Considérant qu'il résulte de ce qui précède que les actes contestés par la SCI VILLA CENTRAL n'ont pas la nature de décisions susceptibles de faire l'objet d'un recours en annulation pour excès de pouvoir ; que la requête ne peut donc qu'être rejetée.
Dispositif
DÉCIDE :
Article 1er : La requête de la SCI VILLA CENTRAL est rejetée.
Article 2 : Les dépens sont mis à la charge de la SCI VILLA CENTRAL.
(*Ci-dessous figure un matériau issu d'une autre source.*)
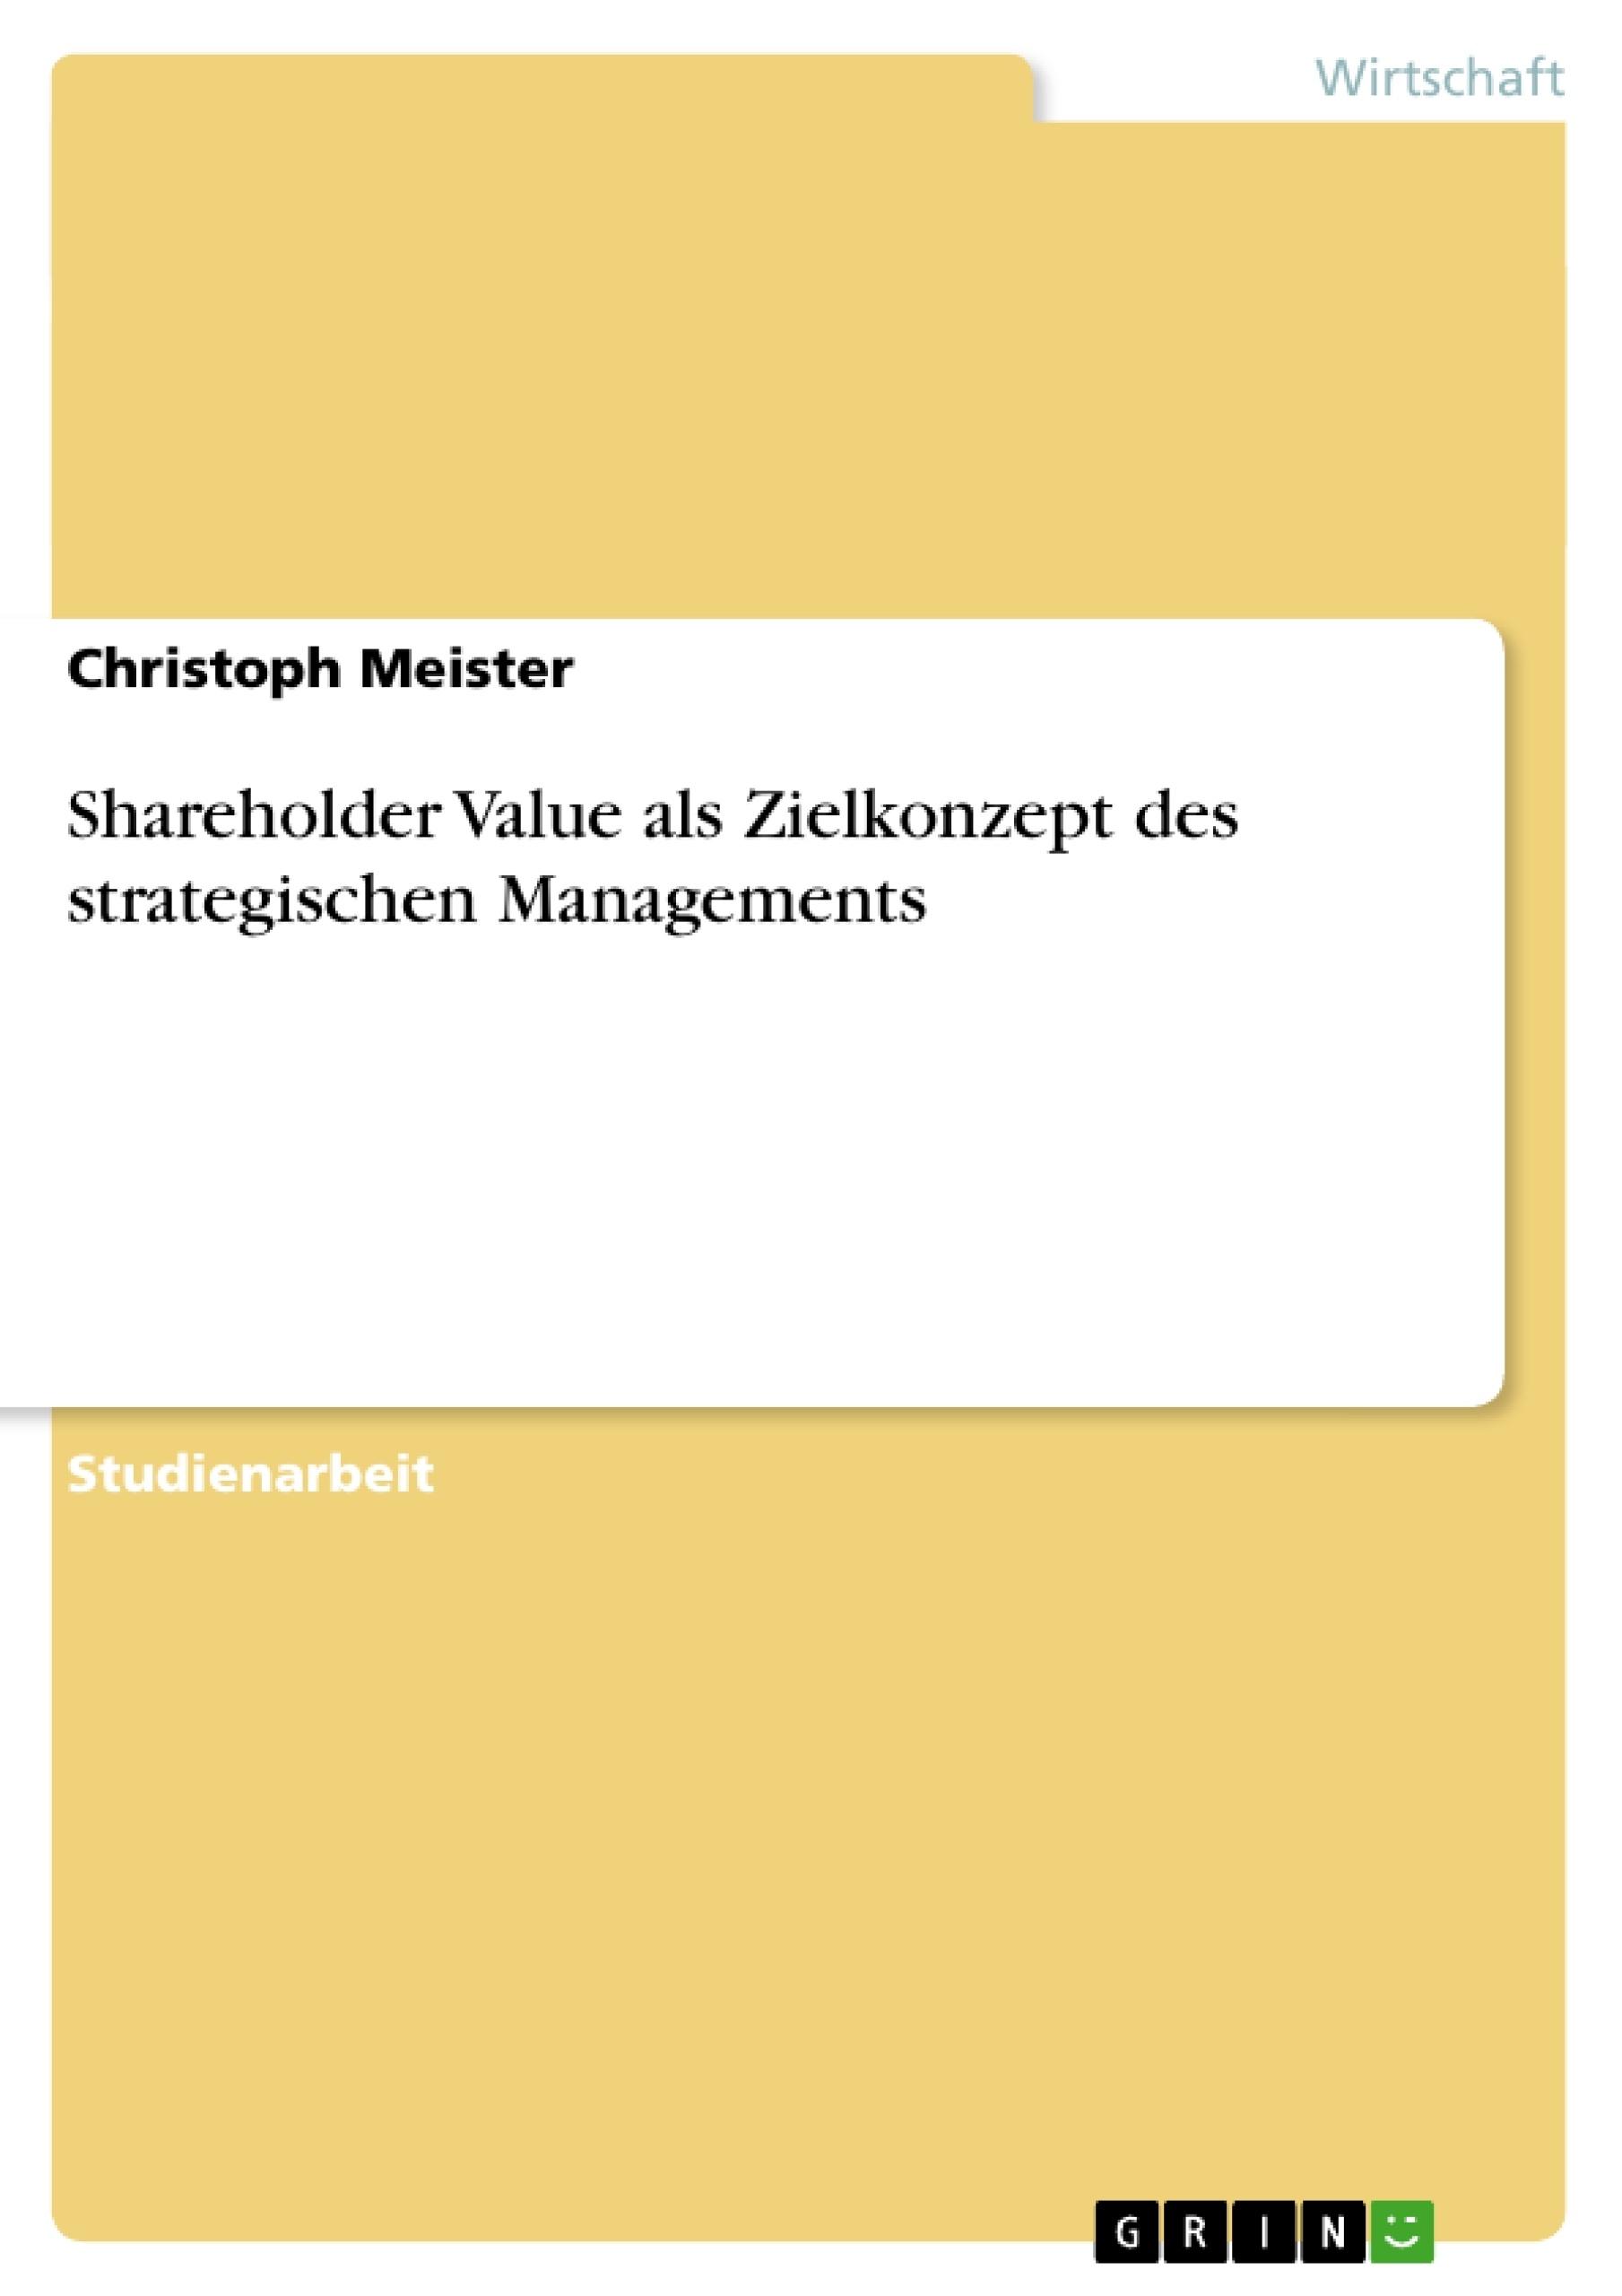 Titel: Shareholder Value als Zielkonzept des strategischen Managements

Article 3 : Expédition de la présente décision sera transmise au Ministre d'État.
Composition
Ainsi délibéré et jugé par le Tribunal Suprême de la Principauté de Monaco, composé de Messieurs Didier LINOTTE, chevalier de l'ordre de Saint-Charles, président, Jean-Michel LEMOYNE DE FORGES, officier de l'ordre de Saint-Charles, vice-président, rapporteur, José SAVOYE, chevalier de l'ordre de Saint-Charles, Madame Martine LUC-THALER, chevalier de l'ordre de Saint-Charles, membres titulaires et Madame Magali INGALL-MONTAGNIER, membre suppléant,
et prononcé le quatre décembre deux mille treize en présence de Monsieur Jean-Pierre DRÉNO, Procureur général par Monsieur Didier LINOTTE, chevalier de l'ordre de Saint-Charles, président assisté de Madame Béatrice BARDY, chevalier de l'ordre de Saint-Charles, greffier en chef.